# Bacon (TQ and Cold Smoked)



## Co4ch D4ve (Feb 11, 2018)

First of all, thanks to Bearcarver for his great thread on smoking bacon using TQ. 

This is my first bacon and it was a success. The family really likes it and I will be, now and forever, on bacon duty. Not too happy with the belly I started with. It was a little thin and will be buying my next one from Costco as theirs look better.
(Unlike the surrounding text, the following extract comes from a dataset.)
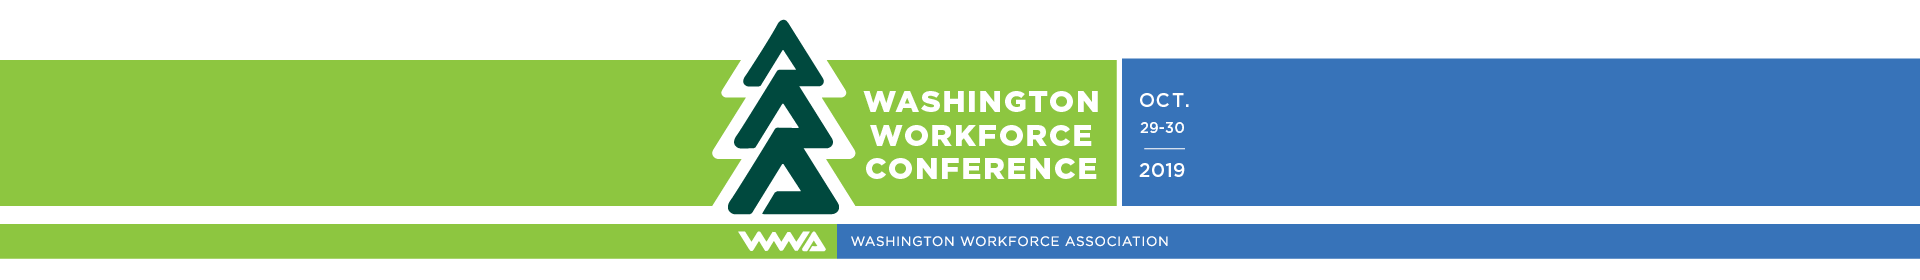 Washington Workforce Conference 2019 Event Banner

I followed Bear’s recipe and here is the proof in pictures:

Out of the cure, soaked in water and spices added:







Just off 12 hours of cold smoke using hickory in the AMNPS:






Sliced and ready for the skillet and freezer:






Using the oven to fry:






Ready to eat:






Once again, thank you Bear for the info and inspiration. If you haven’t tried it, you owe it to yourself, give it a go. 

Dave


----------



## chopsaw (Feb 11, 2018)

Very nice . Well done .


----------



## ab canuck (Feb 11, 2018)

Looks great, Nice job...


----------



## SmokinAl (Feb 11, 2018)

Your bacon looks fantastic!
Nice job!
Congrats for getting a ride on the carousel!
Al


----------



## Phil Chart (Feb 11, 2018)

Very nice. Looks awesome


----------



## Co4ch D4ve (Feb 11, 2018)

Thanks Chopsaw, ab Canuck and Al. 

Love riding on the carousel!


----------



## Co4ch D4ve (Feb 11, 2018)

Thanks Phil... your t-shirt in your avatar cracks me up!


----------



## tropics (Feb 11, 2018)

Dave that looks great LIKES
Richie


----------



## Rings Я Us (Feb 11, 2018)

Looks very good. Point for that one!
Nice you got a showcase thread and pic. 
How did you cut the bacon after it was smoked? I see 3 slabs 10 or 11 inches long. Did you cut those length wise with a knife? Or did you cut the slabs down and then slice?


----------



## Co4ch D4ve (Feb 11, 2018)

Rings,
I crosscut each slab in half. Placed in the freezer for about 2 hours before slicing lengthwise on my slicer. The end product is about 5” long slices perfect for skillet, 1/2 sheet in the oven and BLT sandwich. 
Thanks for the point,
Dave


----------



## Rings Я Us (Feb 11, 2018)

Good to know.. I wondered how people do that. Its harder to get good slices from using a knife. Not as easy but a knife works good if you take your time.  I modified my slicer to get 10 inch slices. :p


----------



## HalfSmoked (Feb 11, 2018)

Yup for sure you have got me bacon hungry can't go wrong with the Bear. I do his Canadian Bacon all the time.

Warren


----------



## Bearcarver (Feb 11, 2018)

Looks Awesome, Dave!! :)
And they fit just right in a BLT !!
Nice Job!---Like.
Those guys with 10" Bacon slices must have Big Slices of Bread.:rolleyes:

Bear


----------



## indaswamp (Feb 11, 2018)

bearcarver said:


> Those guys with 10" Bacon slices must have Big Slices of Bread.:rolleyes:
> 
> Bear


Po-boy bun....<wink>


----------



## Co4ch D4ve (Feb 11, 2018)

Thanks for the “like” Bear and Richie.


----------



## Rings Я Us (Feb 11, 2018)

Bacon shrinks.. 
Just like a dingy in cold water...
:cool: toast fits a slice of bacon just fine.


----------



## crazymoon (Feb 12, 2018)

Dave, That is an awesome batch of bacon! like


----------



## dr k (Feb 12, 2018)

This reminds me that I need to make up something like this or a jig.  The sliding carriage has a little more gap between it and the blade than necessary.


----------



## dr k (Feb 12, 2018)

Rings Я Us said:


> View attachment 353466
> 
> 
> 
> ...


Forgot to attach this quote to my message above.


----------



## gmc2003 (Feb 12, 2018)

That's some mighty fine looking bacon. Can't go wrong with any of Bear's tutorials. 

Point for sure.

Chris


----------



## jp61 (Feb 12, 2018)

Awesome! Bacon looks great!!!

That old dude has many tricks up his sleeve! :D


----------



## GaryHibbert (Feb 12, 2018)

Great looking bacon Dave.  Lots if good eats st your place now.
POINT
Gary


----------



## petehalsted (Feb 13, 2018)

Great job, definitely on my list of things to try as soon as I hook up the RV and go somewhere where I can find Pork Belly.


----------



## lovethemeats (Feb 13, 2018)

Damn that looked like some good bacon from the start to the finish.  
Now that would be a awesome weekend breakfast to have with some eggs and toast. Always love the bacon feeds that people show here. Points for sure.


----------